- **RECORDS FOR THE TASK**:
------------------------------------------------------------------------

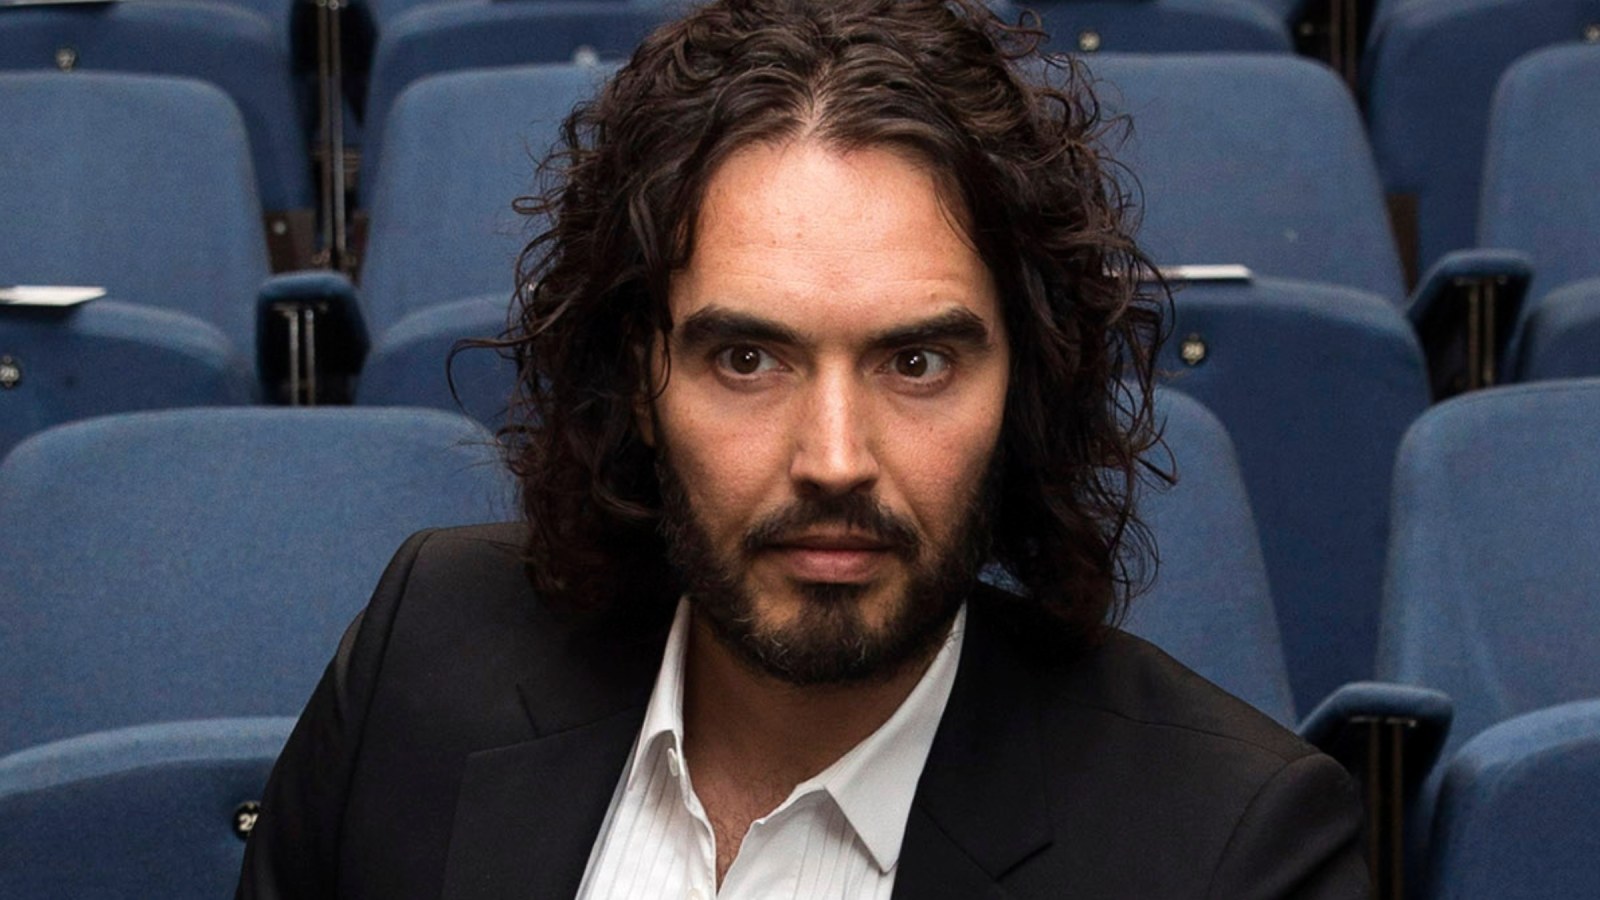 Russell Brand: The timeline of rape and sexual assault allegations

------------------------------------------------------------------------

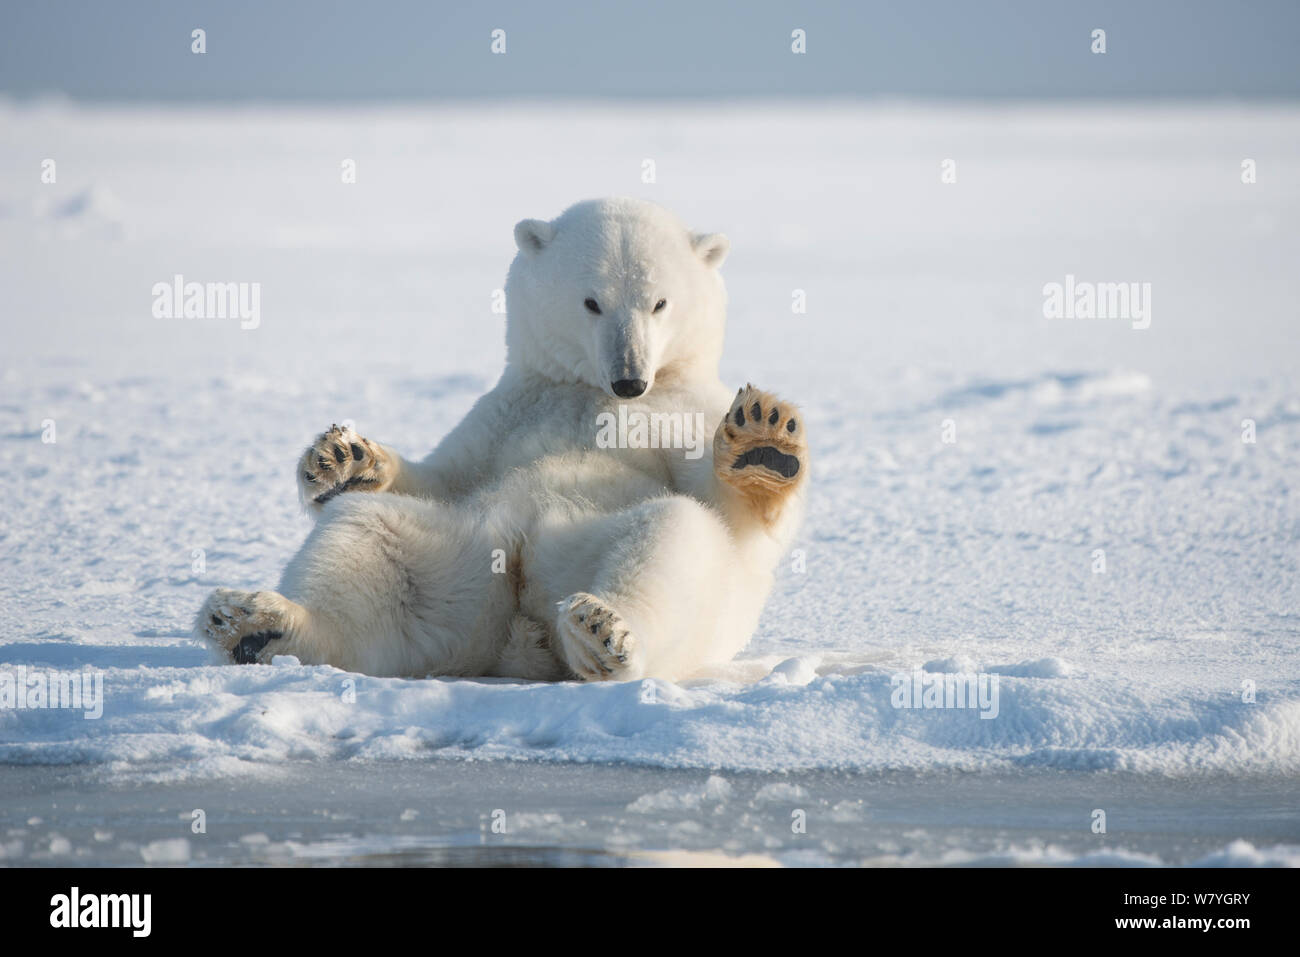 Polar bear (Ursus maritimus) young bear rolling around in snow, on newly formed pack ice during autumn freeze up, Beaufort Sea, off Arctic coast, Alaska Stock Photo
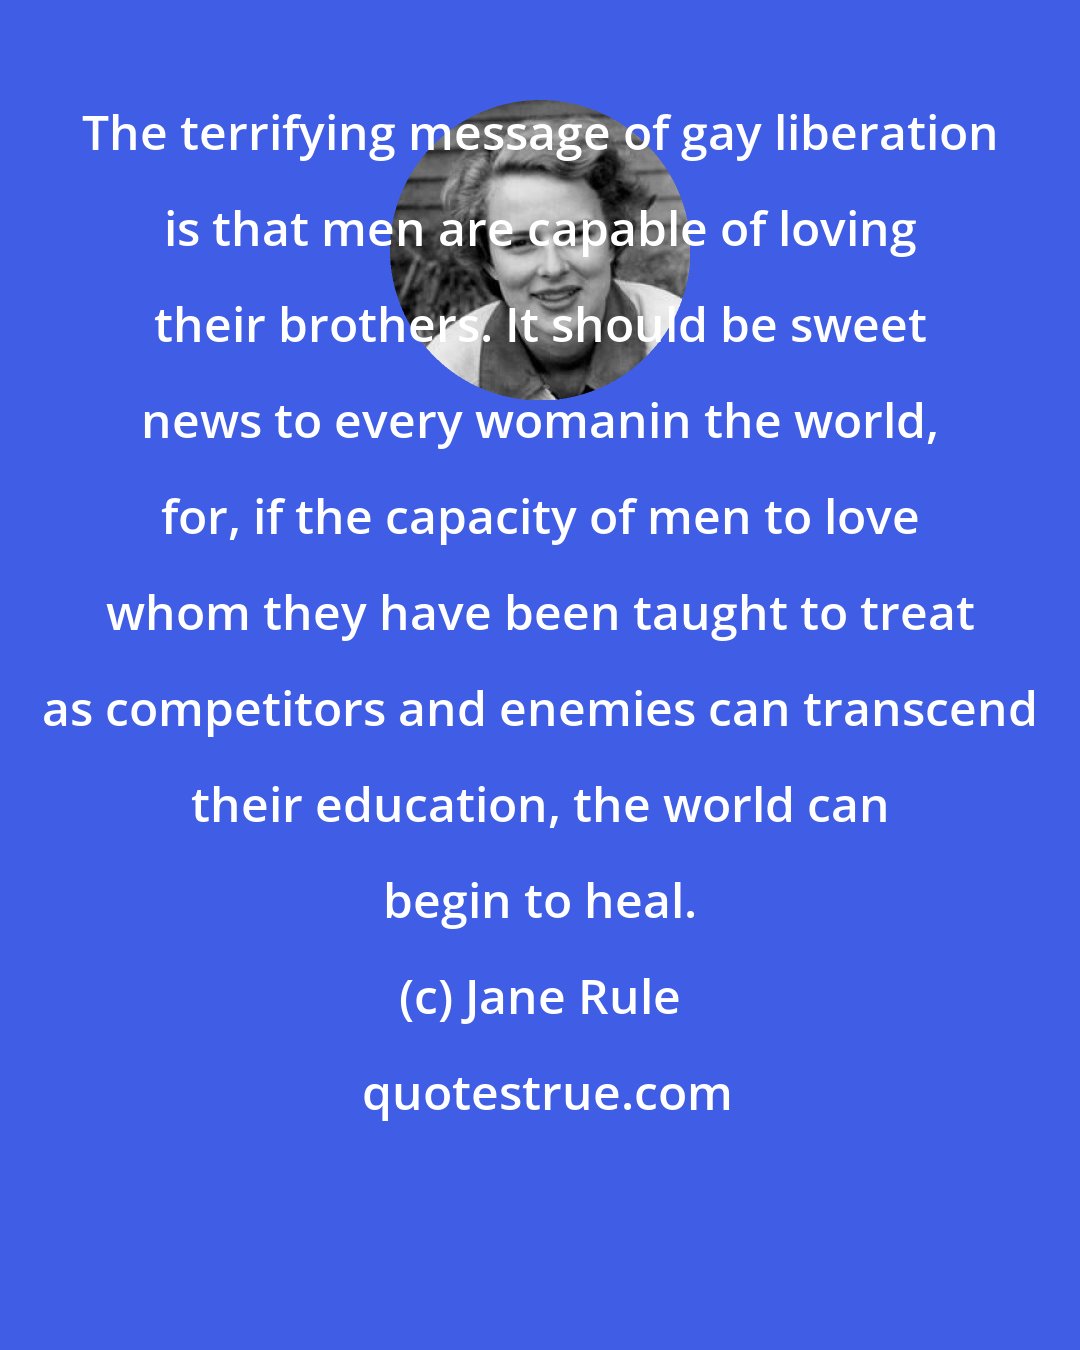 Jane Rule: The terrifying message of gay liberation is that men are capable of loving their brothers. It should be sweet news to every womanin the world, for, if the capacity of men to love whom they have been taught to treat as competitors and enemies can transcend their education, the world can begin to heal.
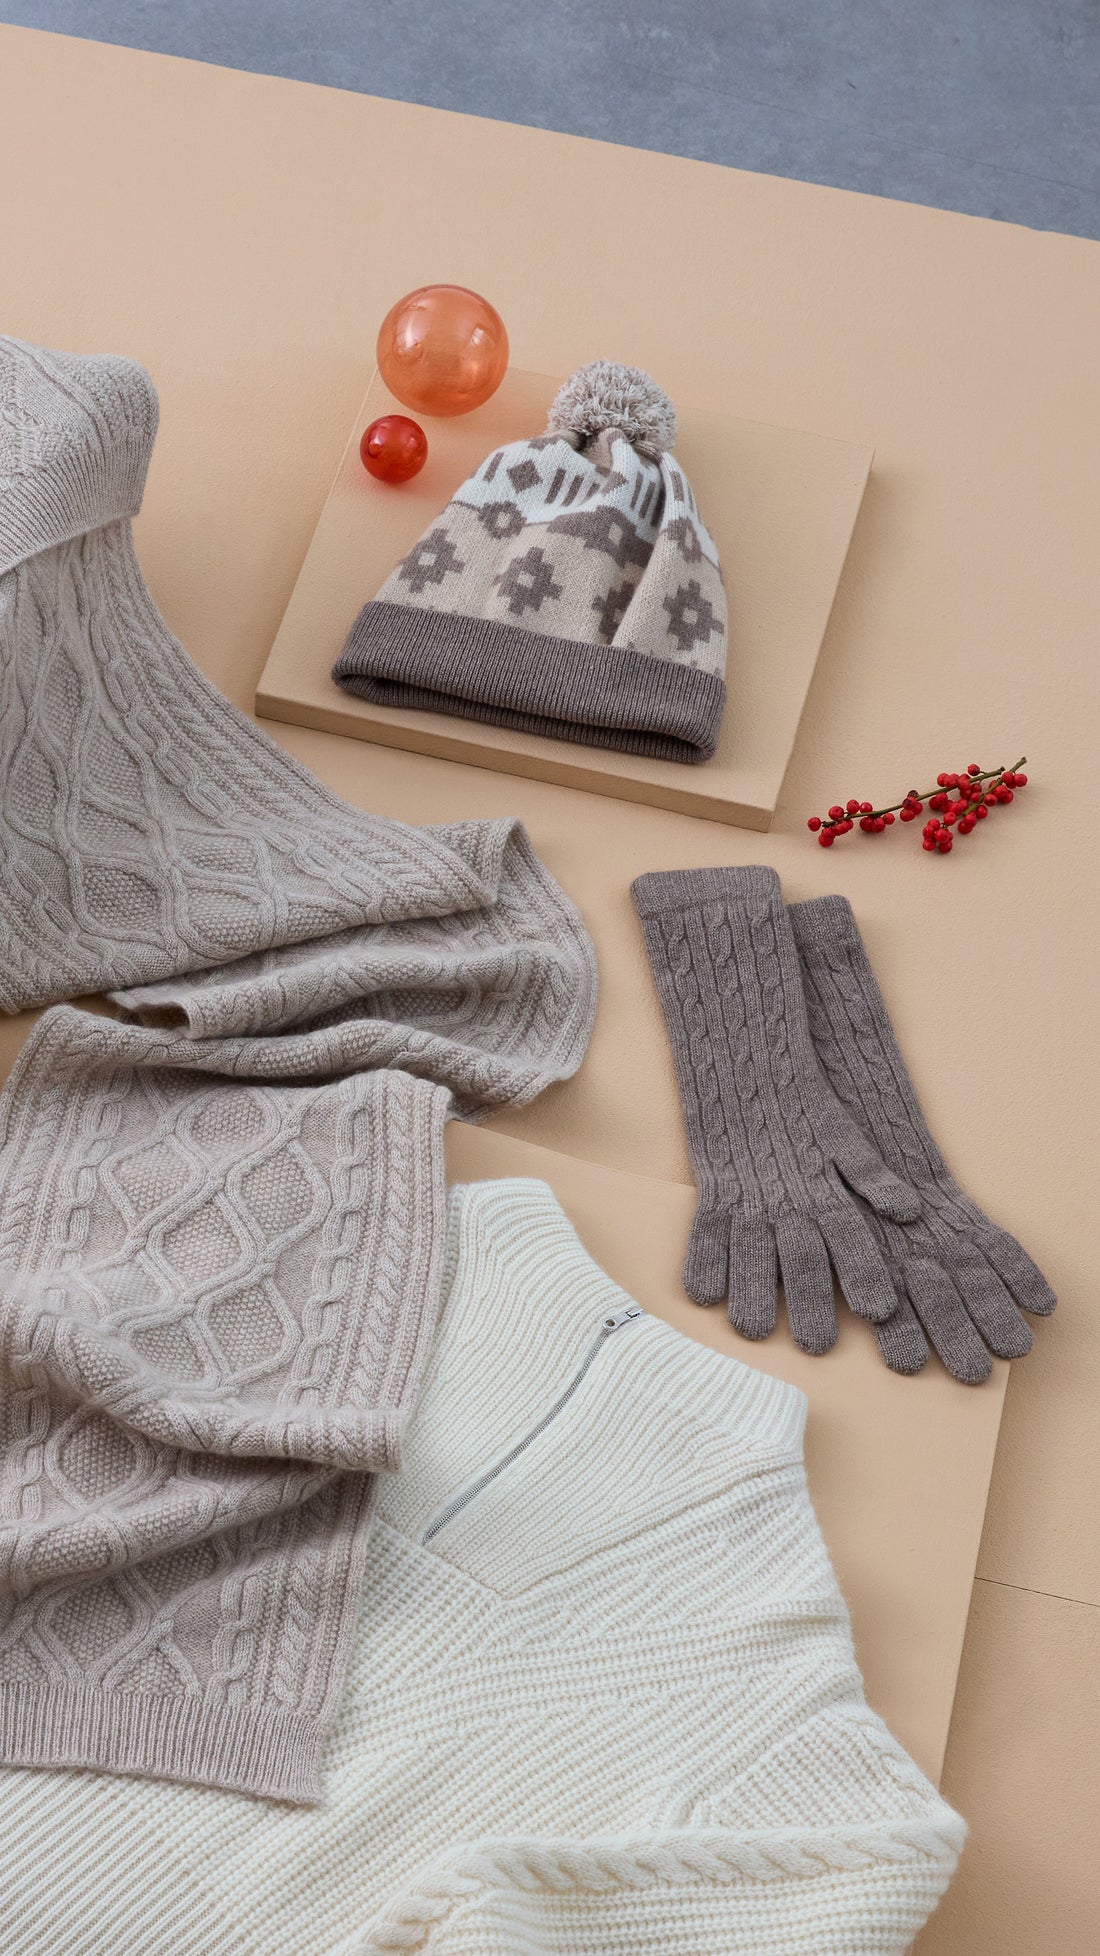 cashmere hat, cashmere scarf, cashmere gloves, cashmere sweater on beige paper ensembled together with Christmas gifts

------------------------------------------------------------------------

- **PROBLEM STATEMENT**:
Repeat exactly the stretch of the listing above that starts with the line holding "Jane Rule: The" and finishes with the line holding "cashmere hat, cashmere", both included. Skip every picture.

- **SOLUTION TO THIS TASK**:
 Jane Rule: The terrifying message of gay liberation is that men are capable of loving their brothers. It should be sweet news to every womanin the world, for, if the capacity of men to love whom they have been taught to treat as competitors and enemies can transcend their education, the world can begin to heal.
 cashmere hat, cashmere scarf, cashmere gloves, cashmere sweater on beige paper ensembled together with Christmas gifts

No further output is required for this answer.